Krótko po rozpoczęciu rosyjskiej inwazji na Ukrainę, Komisja Europejska wprowadziła przepisy dotyczące magazynów gazu, które miały chronić państwa członkowskie przed szokiem podażowym. Wprowadzono wymóg napełnienia magazynów gazu na poziomie co najmniej 80 proc. do 1 listopada 2022 r. W kolejnych latach państwa muszą zapełnić magazyny na poziomie co najmniej 90 proc. Operatorzy magazynów mają obowiązek regularnego informowania władz krajowych o stanach napełnienia, a państwa członkowskie muszą składać miesięczne sprawozdania w tej sprawie do Komisji.

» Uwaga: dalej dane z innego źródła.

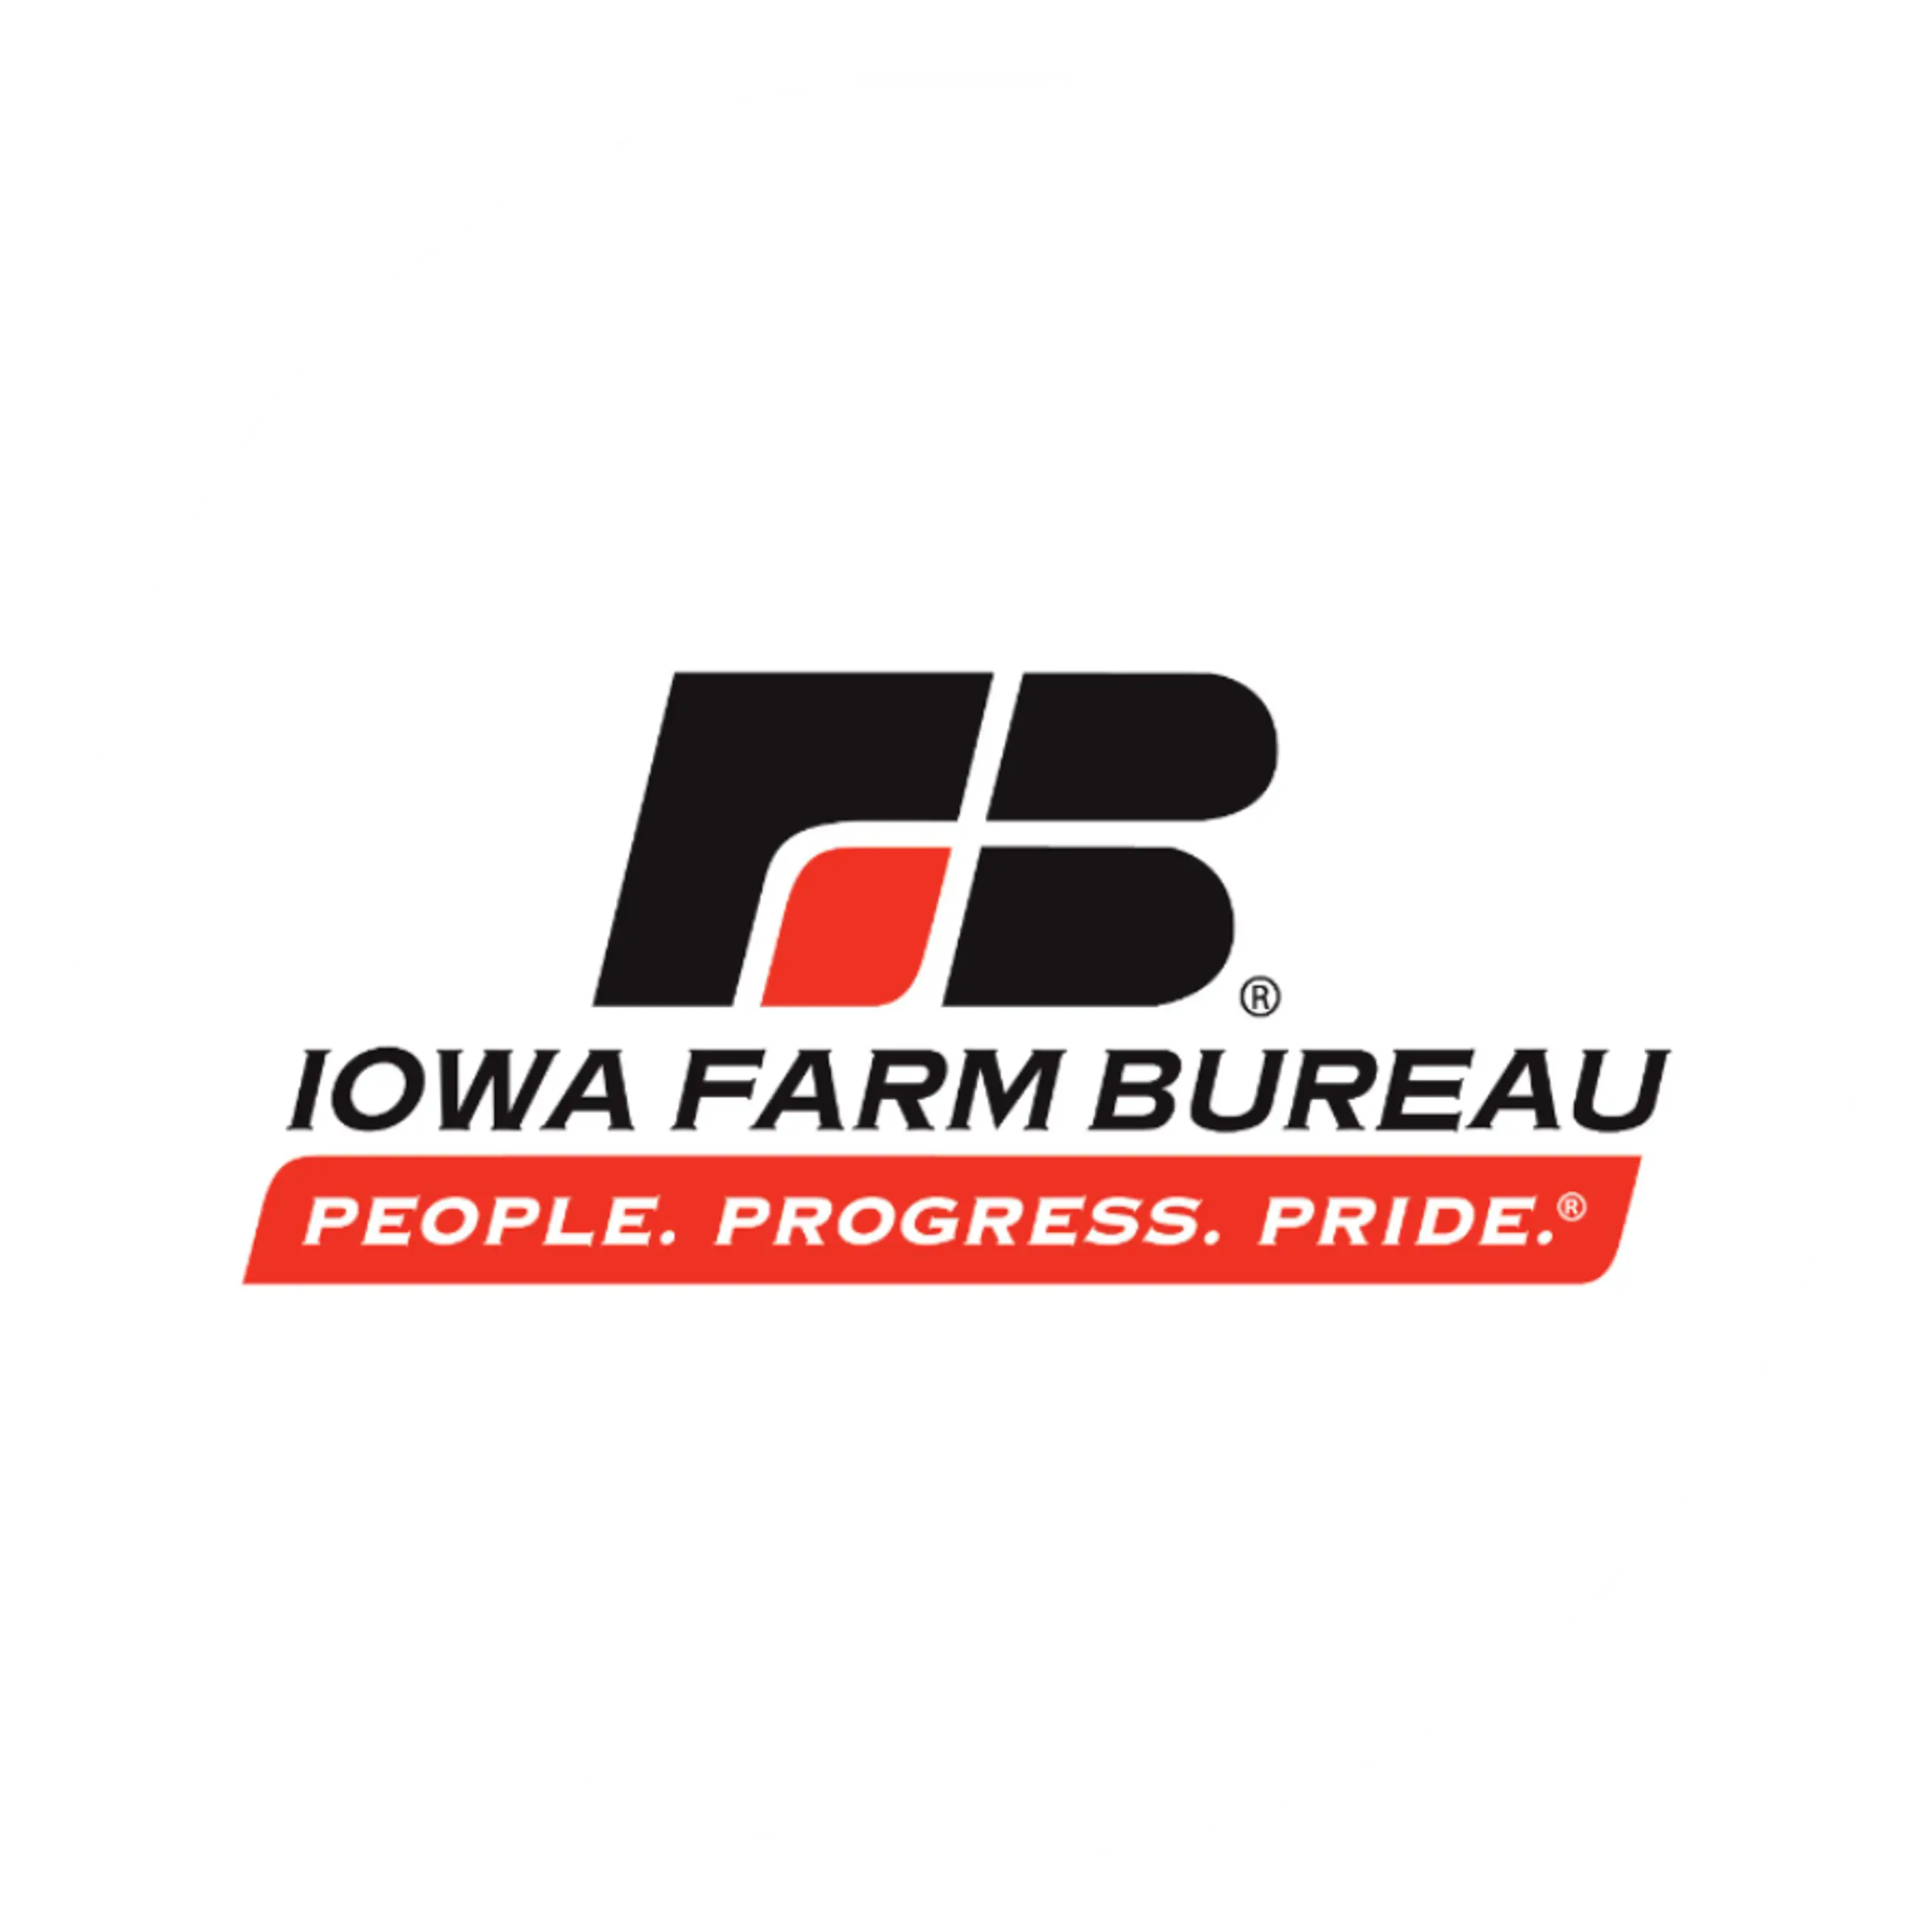 Iowa Farm Bureau logo

Według Jakóbika warto rozważyć, czy wysoki poziom zapełnienia magazynów powinien być wymagany po zakończeniu kryzysu. Twierdzi, że ten kryzys pokazał, że niewidzialna ręka rynku nie wystarcza do zapewnienia bezpieczeństwa dostaw, a czasem może być wrogo nastawiona przez Gazprom.
Nie wszystkie państwa członkowskie Unii Europejskiej posiadają własne magazyny gazu. Cypr, Malta i Luksemburg ich nie posiadają. W związku z tym wprowadzono mechanizm podziału obciążeń, aby wszystkie kraje mogły korzystać z wypełnionych magazynów. Państwa, które nie posiadają magazynów, mają natomiast współuczestniczyć w pokryciu kosztów napełniania magazynów w krajach, z których będą korzystać.